Jan 19, 2009 18:00
I am having an irrationally strong response today to the fact that I neither wrote my 100 words or engaged in my Winter Feast practice yesterday. I am also struggling with putting the last pieces of my chapter draft into anything like a coherent form. My jaw is tight from trying to force myself to concentrate. Taken all together, it feels in my darker moments like a failure to uphold my commitments to these daily and incremental practices. And then I remember that today I made it to my morning meeting on time. I shoveled the walk, shoveled out our upstairs neighbor's car, even shoveled the sidewalk for the empty lot next door. I sent out CVs to two potential teaching positions for next fall. I helped a friend by listening. I put away some of the detritus from our trip. And even if I'm struggling, I did write about 3 new pages today and that those three pages count. Today was not a failure by any stretch of the imagination. I am here now, writing this. When I am done writing I will go and make kala and draw some tarot cards for the day. I will have some good new pages to share with my dissertation group this week.

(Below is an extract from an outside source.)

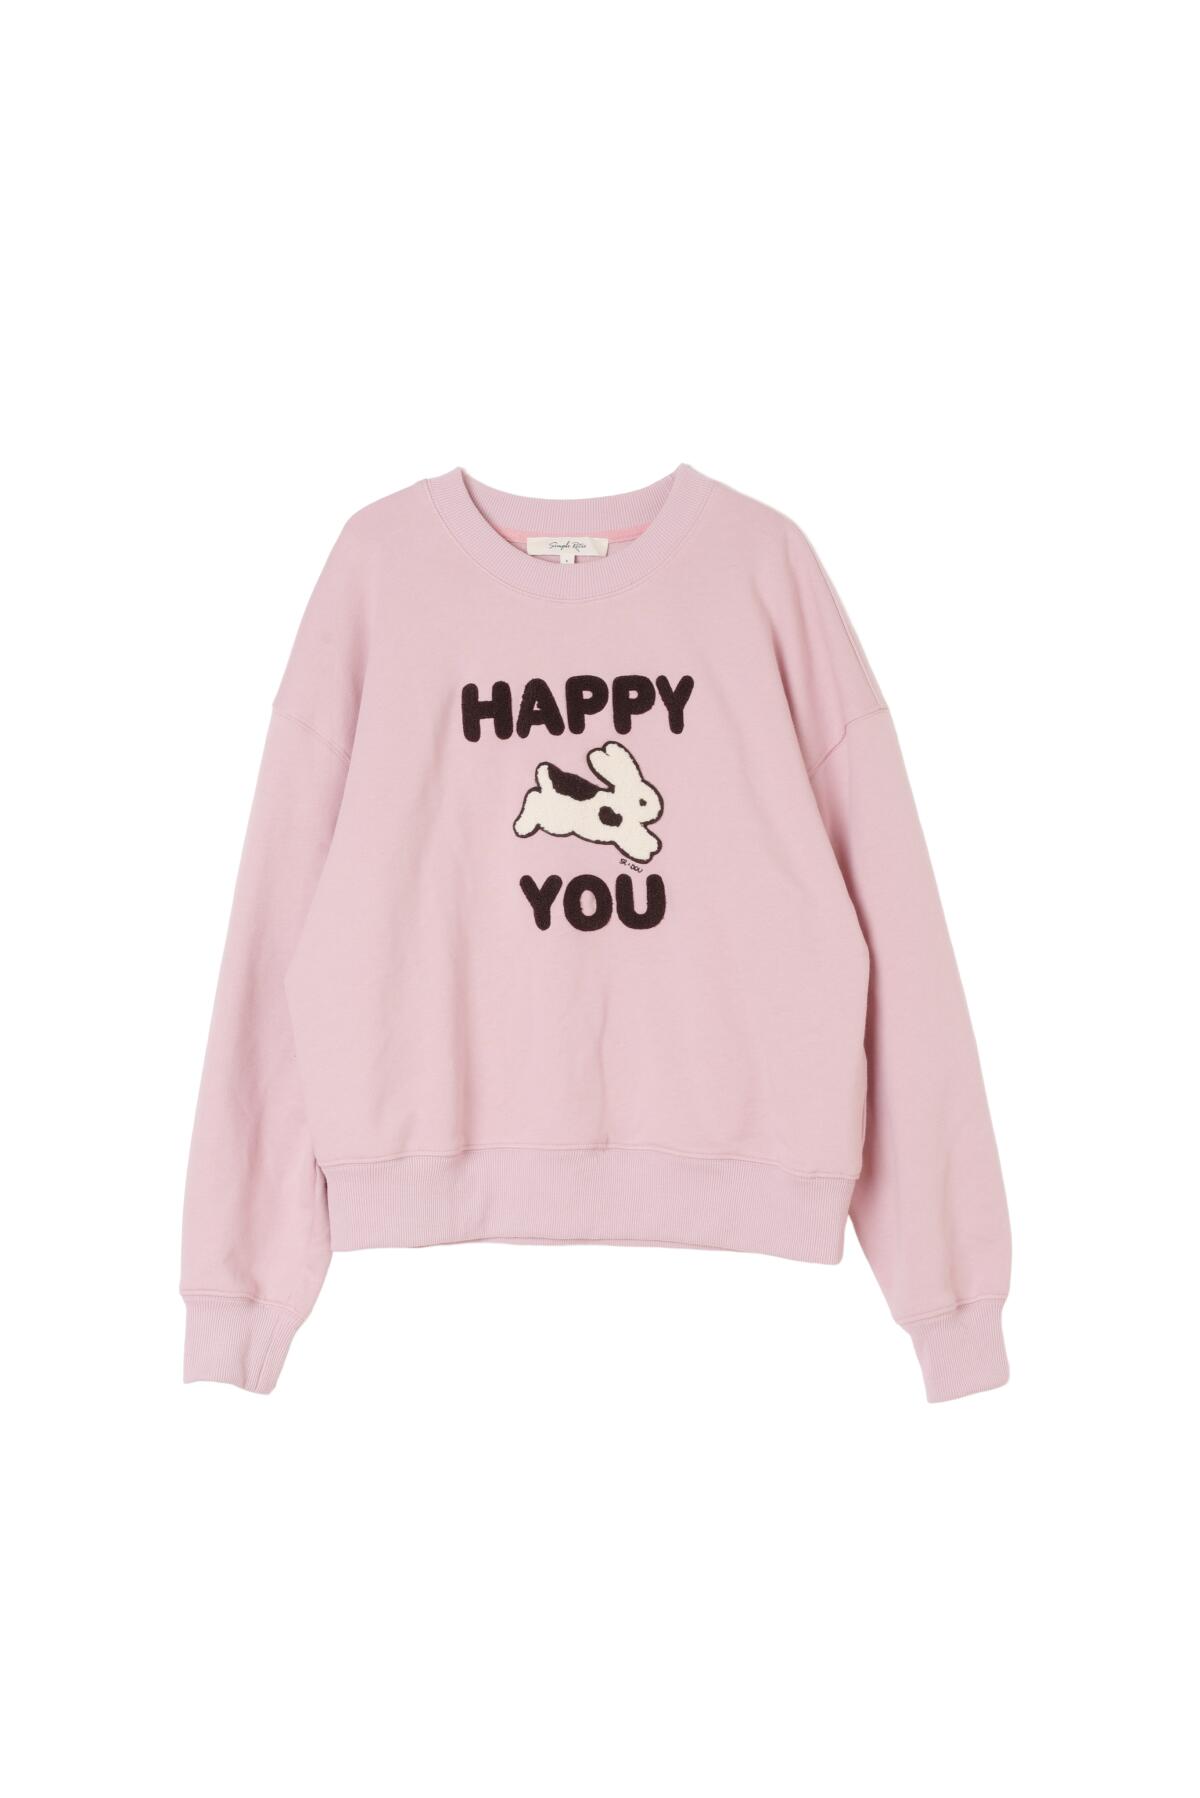 Pink sweatshirt with a leaping rabbit between the words Happy and You

I will watch our new president get sworn in tomorrow, while I sit with friends in a warm room and know that I'm not the only one there feeling grateful that I will no longer feel the need to turn off the radio every time the president's voice comes on. I am still learning to hold myself more gently, to let both my failures and my successes have their moment and then pass on, so that I can come to the next moment and be there fully. I think I will always be learning this lesson--there are worse ones to have to repeat.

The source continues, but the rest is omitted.